Crime data seems to align with Hampton’s assessment. Officers have been leaving the department for the last three years, but there was also a decline in crime during some of those years. There was a 10% drop in homicides in 2022. Similarly, violent crime declined by 7% in that time frame. Those statistics suggest police reform and fewer officers might not have contributed to the 2023 crime spike.
Some politicians and city residents said the U.S. attorney’s office is not prosecuting a large number of cases related to arrests the Washington police make, and that might be a reason for the crime surge. A local news station reported that the typical person charged with homicide usually has 11 prior arrests. That prompted Rep. Jake LaTurner (R- Kan.) to press a representative from the U.S. attorney’s office to disclose how many people charged with murder were previously arrested for violent crimes but not prosecuted. He was unable to answer.
The dissension about leaving criminals on the streets, police chiefs not emphasizing community collaboration and officers quitting because they can’t use some restraint or search tactics anymore – none of it addresses the murders and the carjackings.

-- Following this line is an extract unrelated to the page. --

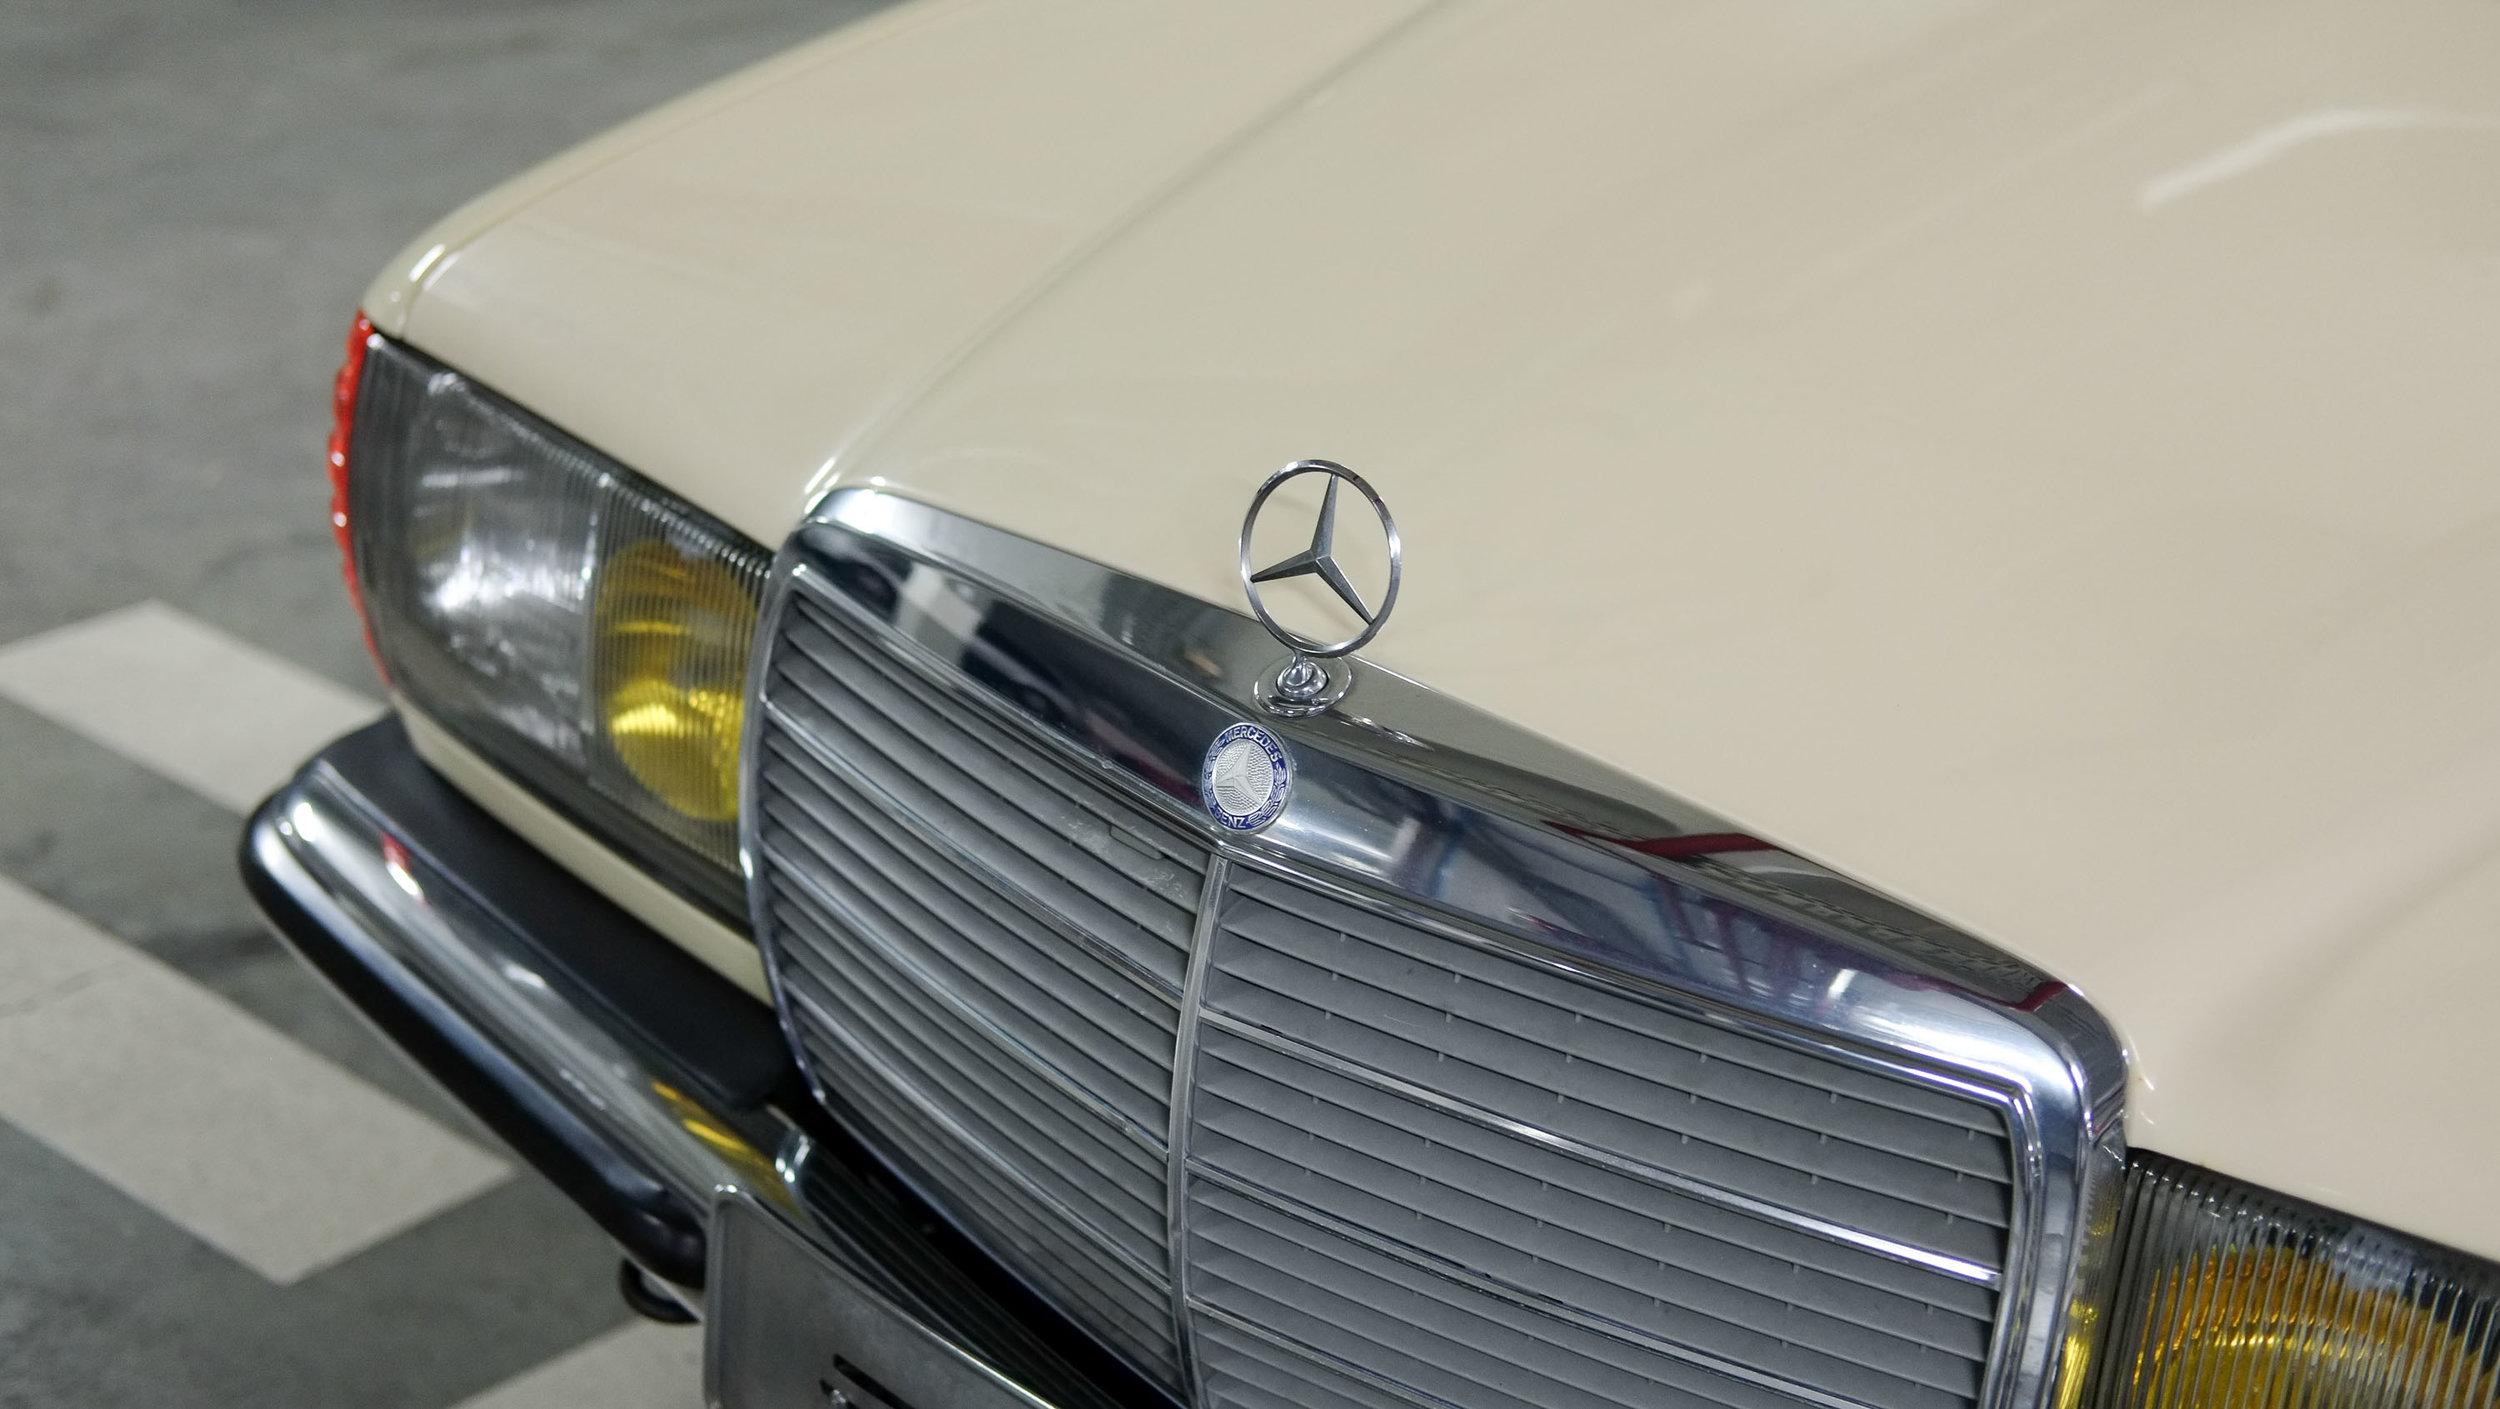 coolnvintage Mercedes-Benz W123 300D (26 of 59).jpg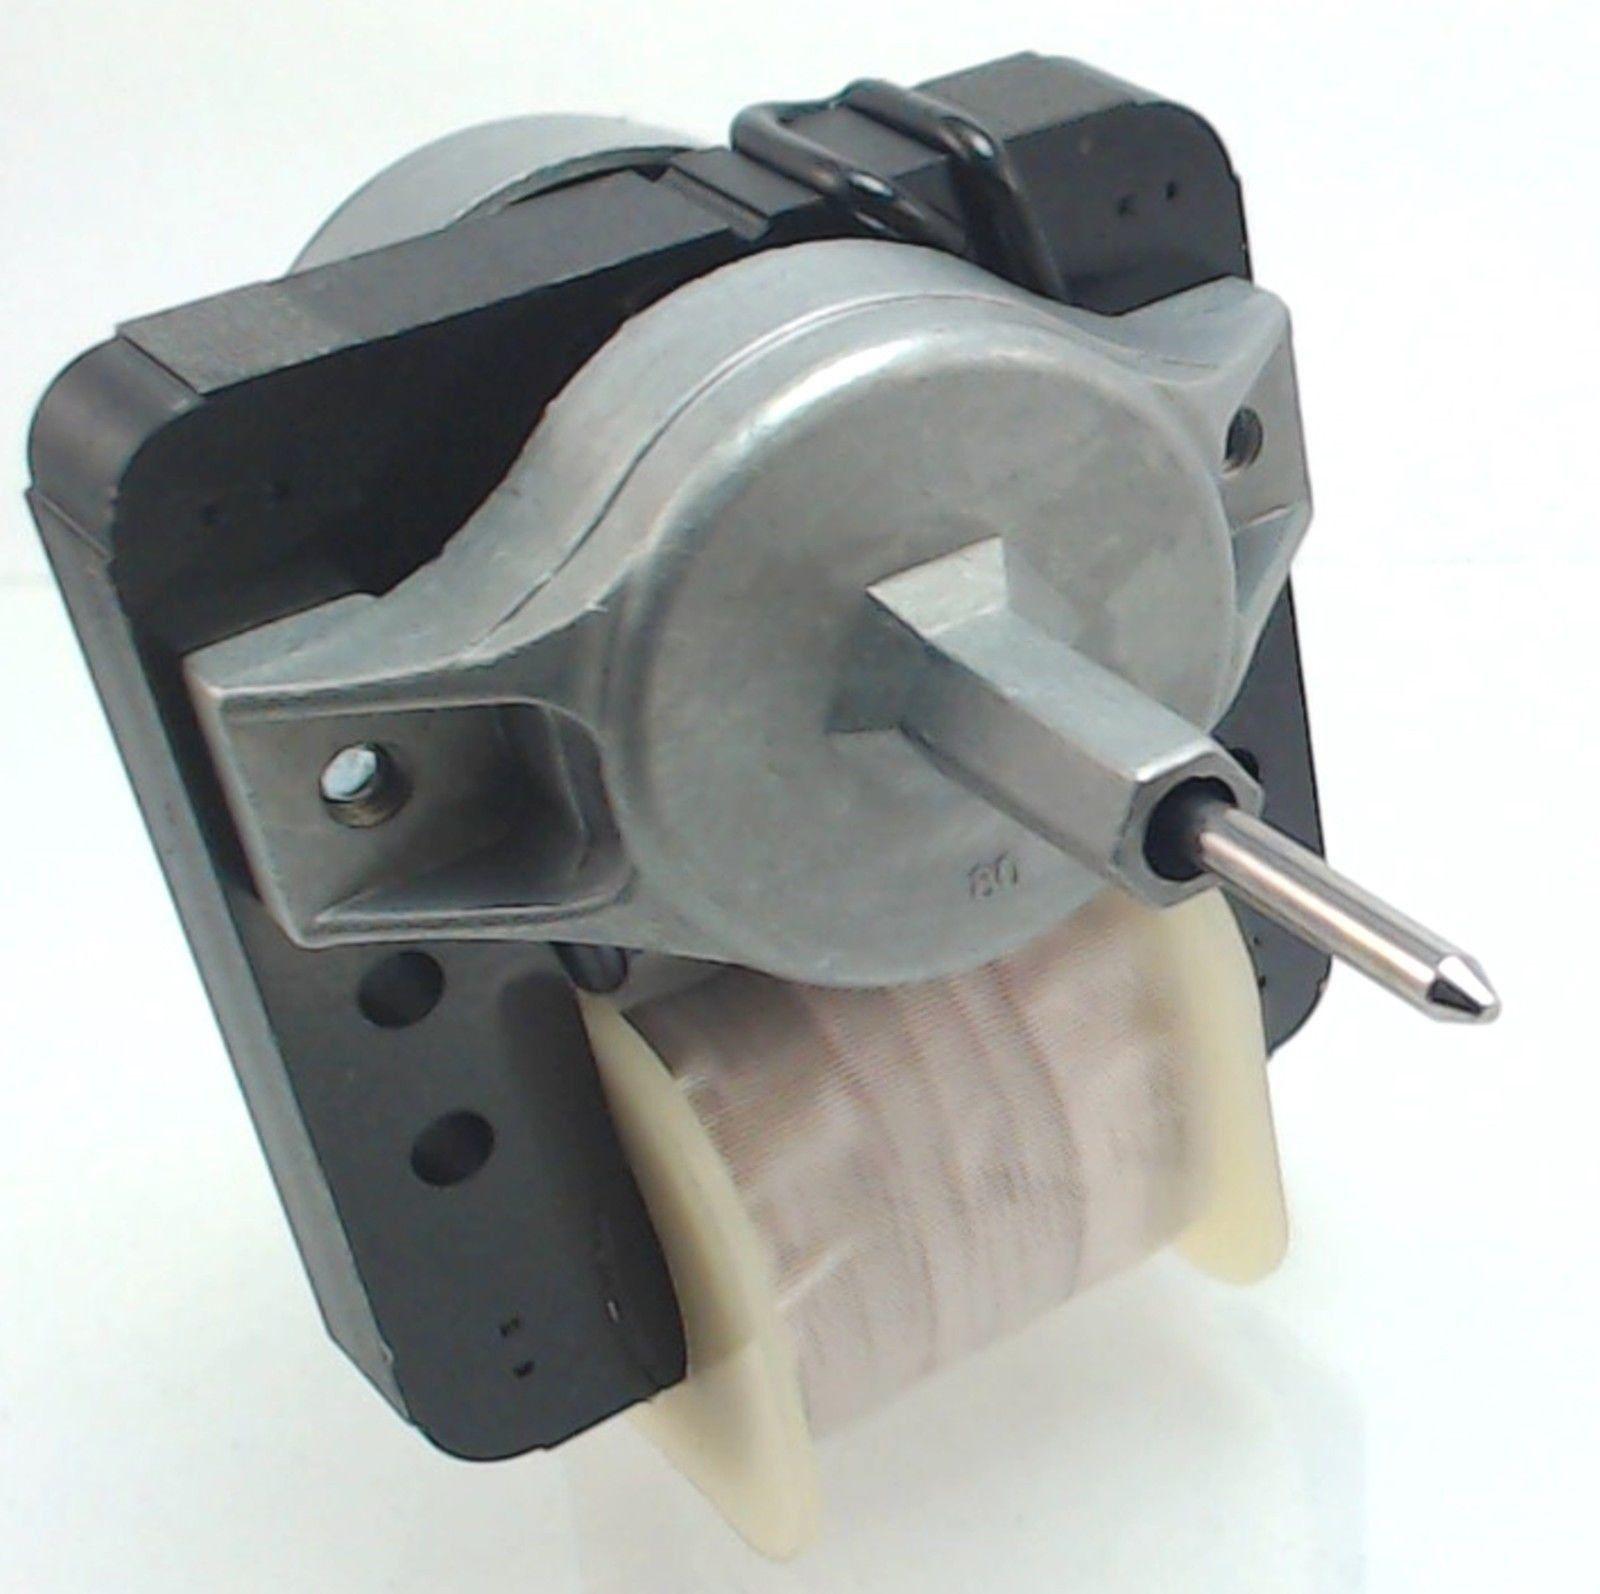 Refrigerator evaporator motor for whirlpool sears for How to test refrigerator evaporator fan motor

“One of the things that really causes me concern is that everybody wants to throw daggers at one another rather than sit down at the table and figure this out. We’re all supposed to be in this thing together,” Anthony Motley said.
The finger-pointing ignores what people like Curtis Mozie see in his community every day.
Mozie, also known as C-Webb, has been documenting gun violence in the city since the late 1990s. He goes around the city with his video camera to speak with victims and relatives of those who have been killed. He wants to get the perspective of those in the neighborhoods.
He’s done so many interviews over the years that he’s connected with different generations of the same families. “Kids who lost their dad at a young age want to come to watch my videos to see if I have footage of their father,” Mozie said. “A lot of times I do have footage of them.”
His office, known as “C-Webb’s Safe Space,” is in Ward 5. It’s a spot where the youth can hang out without worrying about whatever their troubles are on the streets.
People can view C-Webb’s footage in his studio. The videos include kids talking about losing a brother, uncle, cousin, or friend to gun violence. They discuss their neighborhoods, what they see every day and the hope they have for a better future.
There’s a memorial wall opposite the television screen. It shows dozens of photos and names of people C-Webb knew who were shot and killed. It goes all the way back to 1982. Red roses and police tape adorn the wall. Most couldn’t fathom losing that many people. C-Webb barely can.
“Gun violence is treated as a normal part of life for us,” he said. “I just hope we can get to a place where we don’t have to live like this.”
Correction Nov. 13, 2023 11:22 a.m. ET: An earlier version of this story incorrectly identified Brian Schwalb’s employer. The story has been updated.